→ Collected data

####

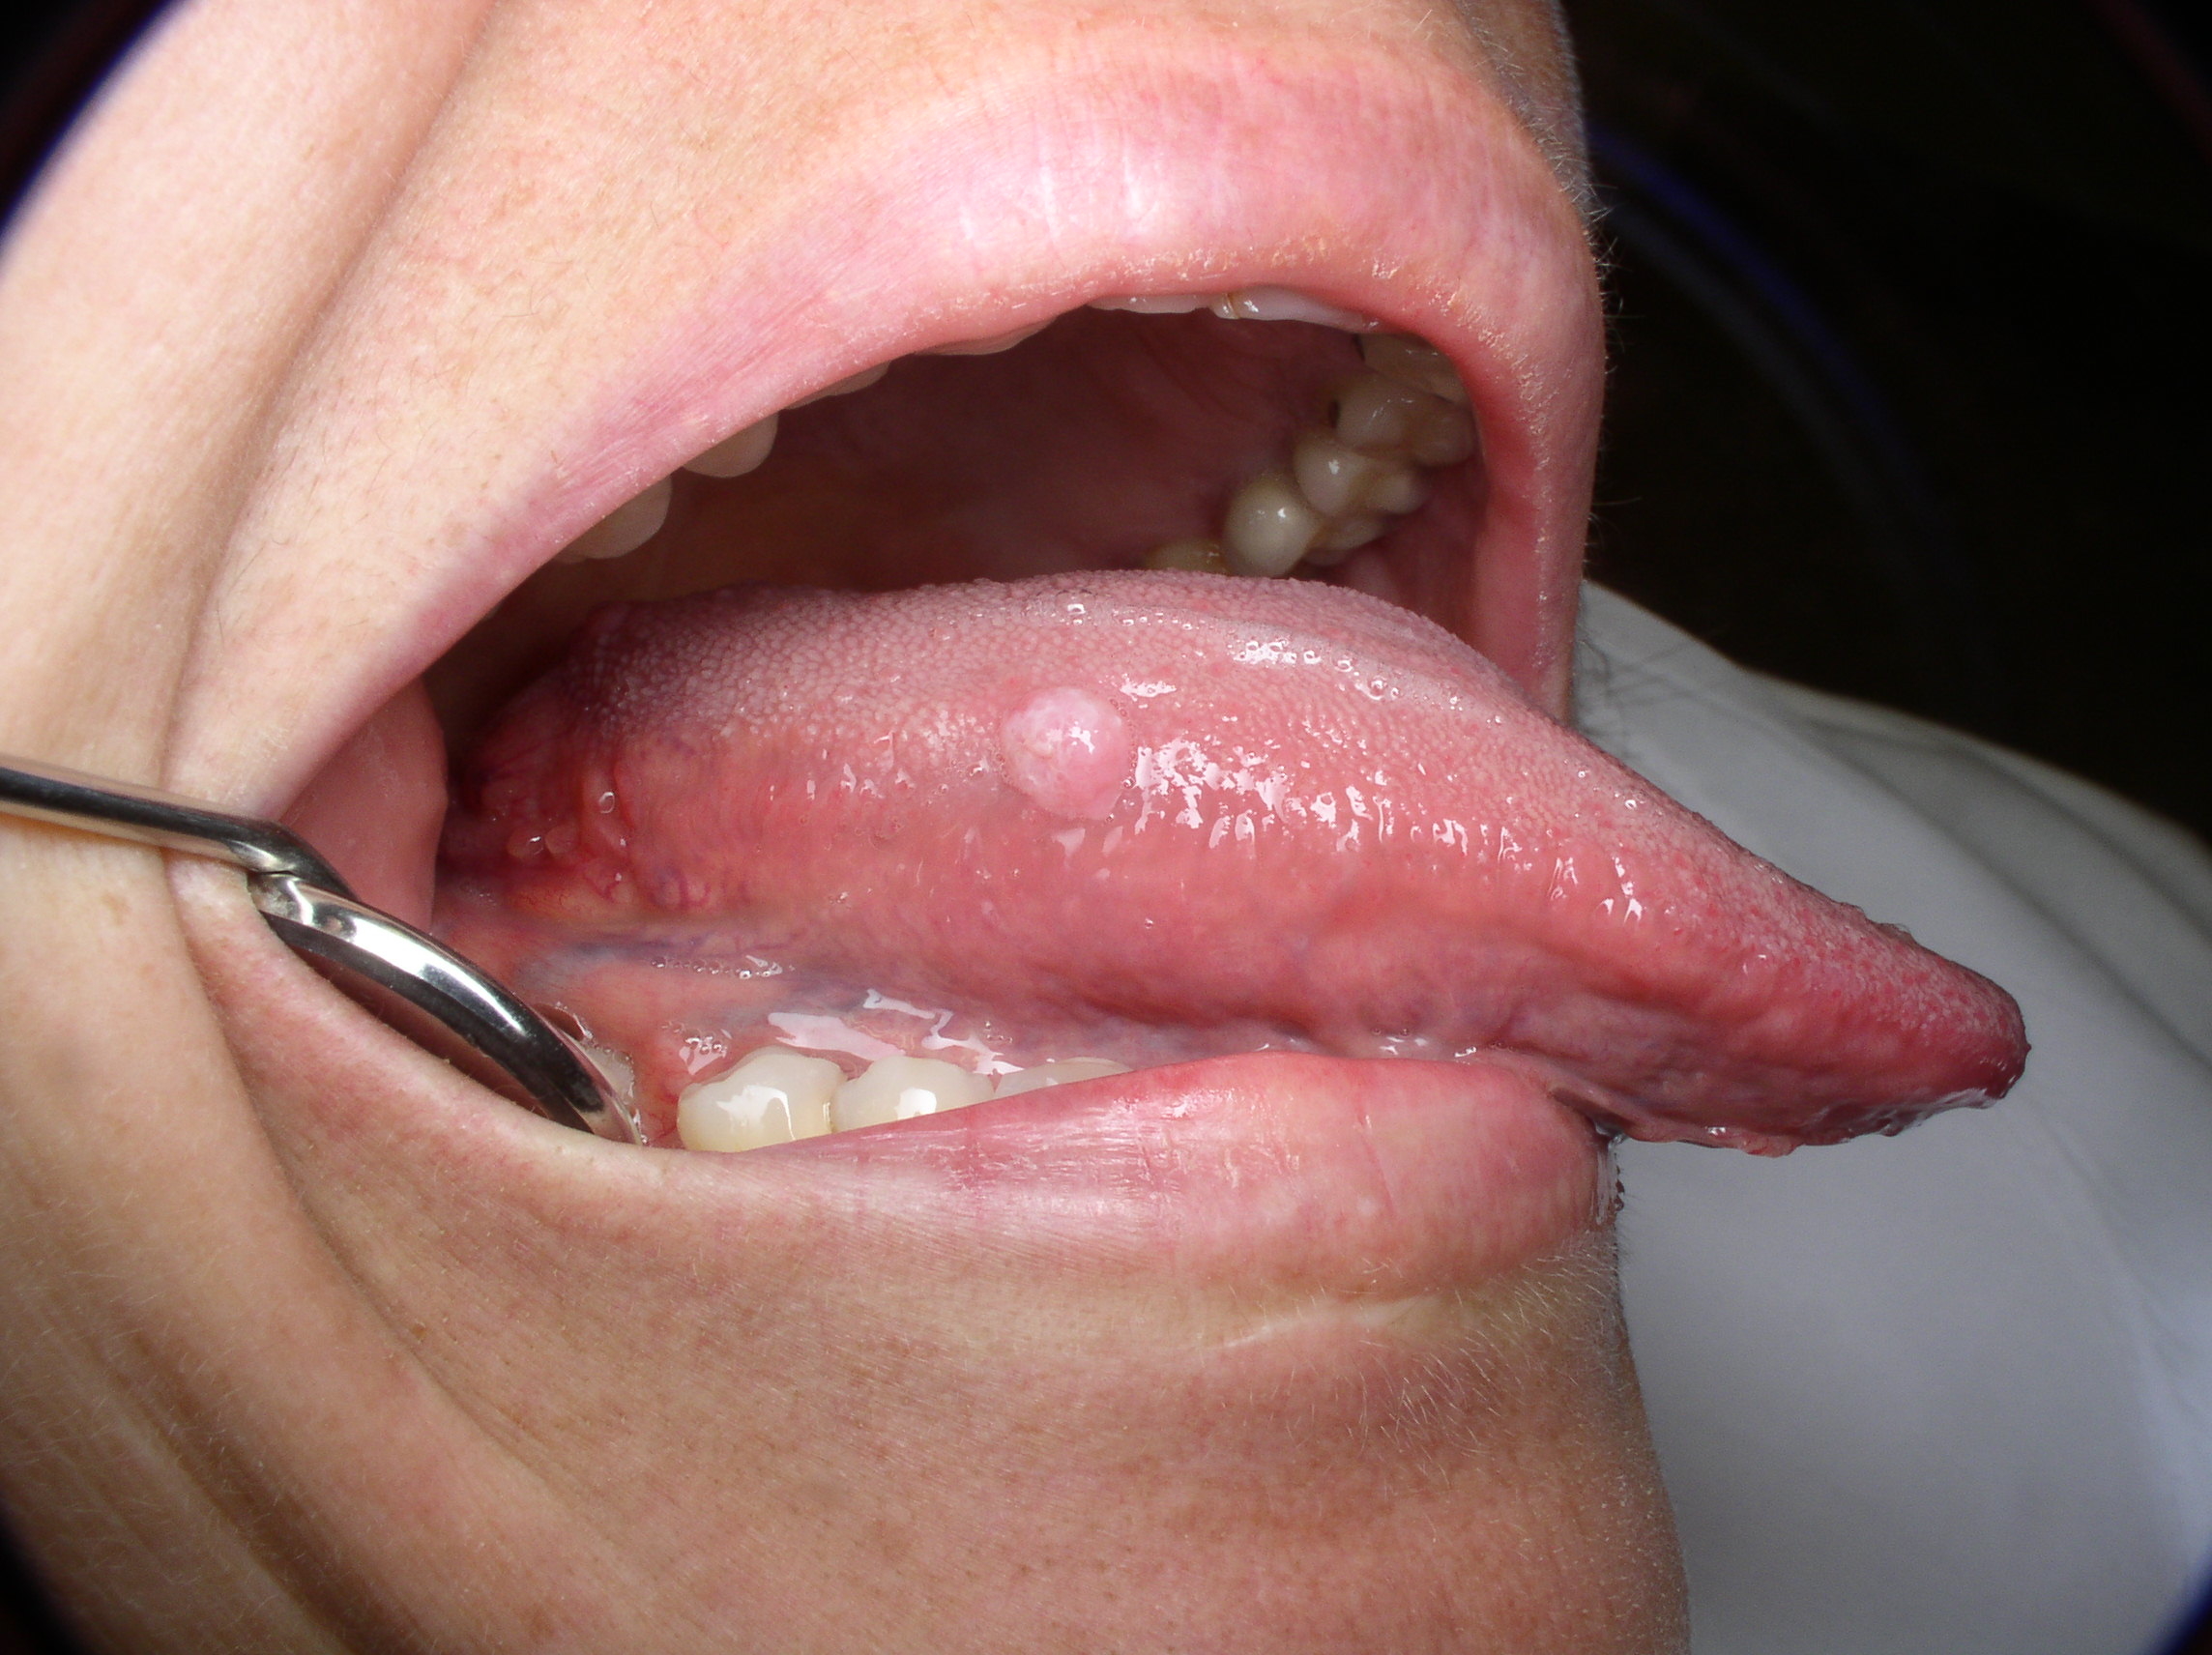 Papillomavirus on the tongue
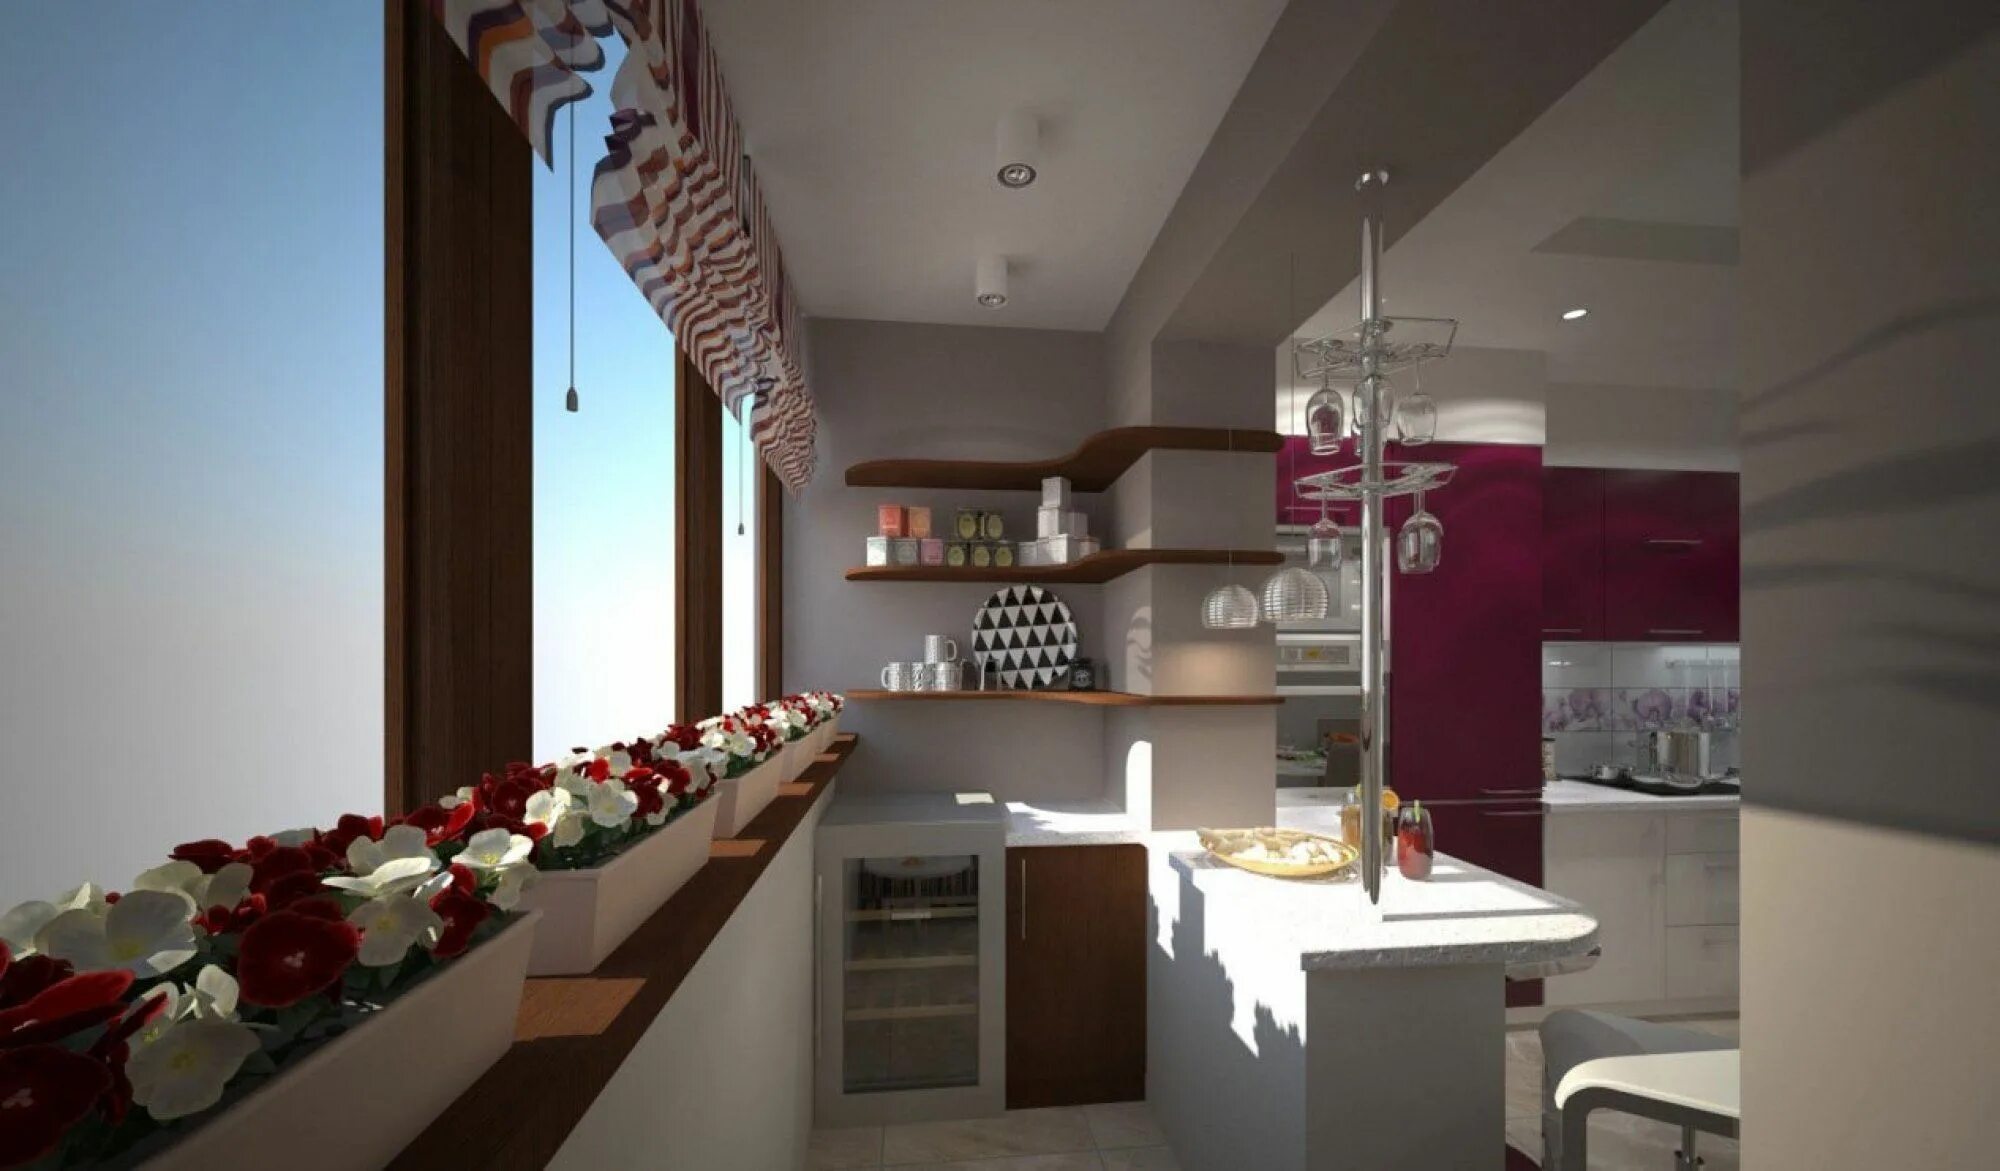 Дизайн балкона кухни фото. Кухня совмещенная с балконом. Кухня на лоджии. Кухня Объединенная с балконом. Проект кухни совмещенной с балконом.
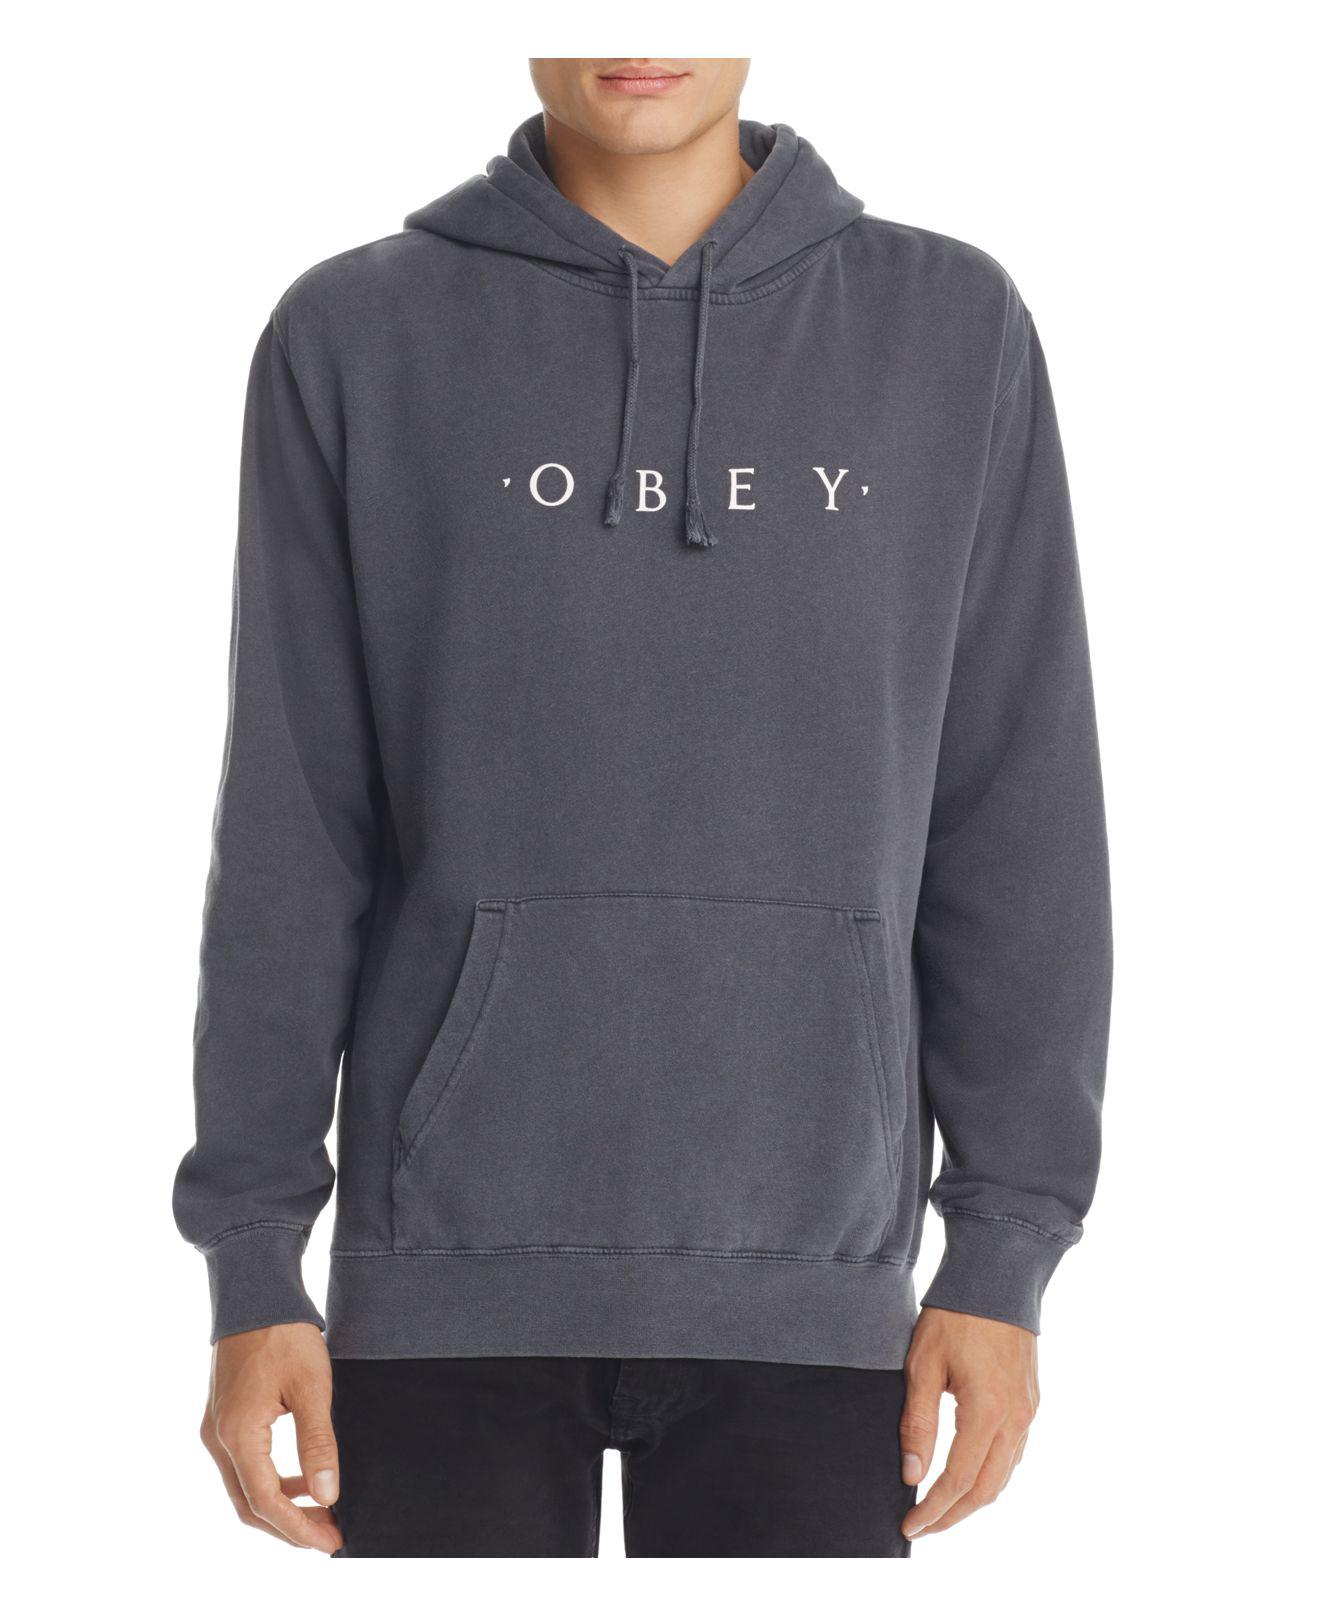 Lyst - Obey Novel Hooded Sweatshirt in Gray for Men

####

→ Work instructions
Only the pictures are to be left out; copy all the remaining material above exactly.

→ Task result
 Papillomavirus on the tongue
 Дизайн балкона кухни фото. Кухня совмещенная с балконом. Кухня на лоджии. Кухня Объединенная с балконом. Проект кухни совмещенной с балконом.
 Lyst - Obey Novel Hooded Sweatshirt in Gray for Men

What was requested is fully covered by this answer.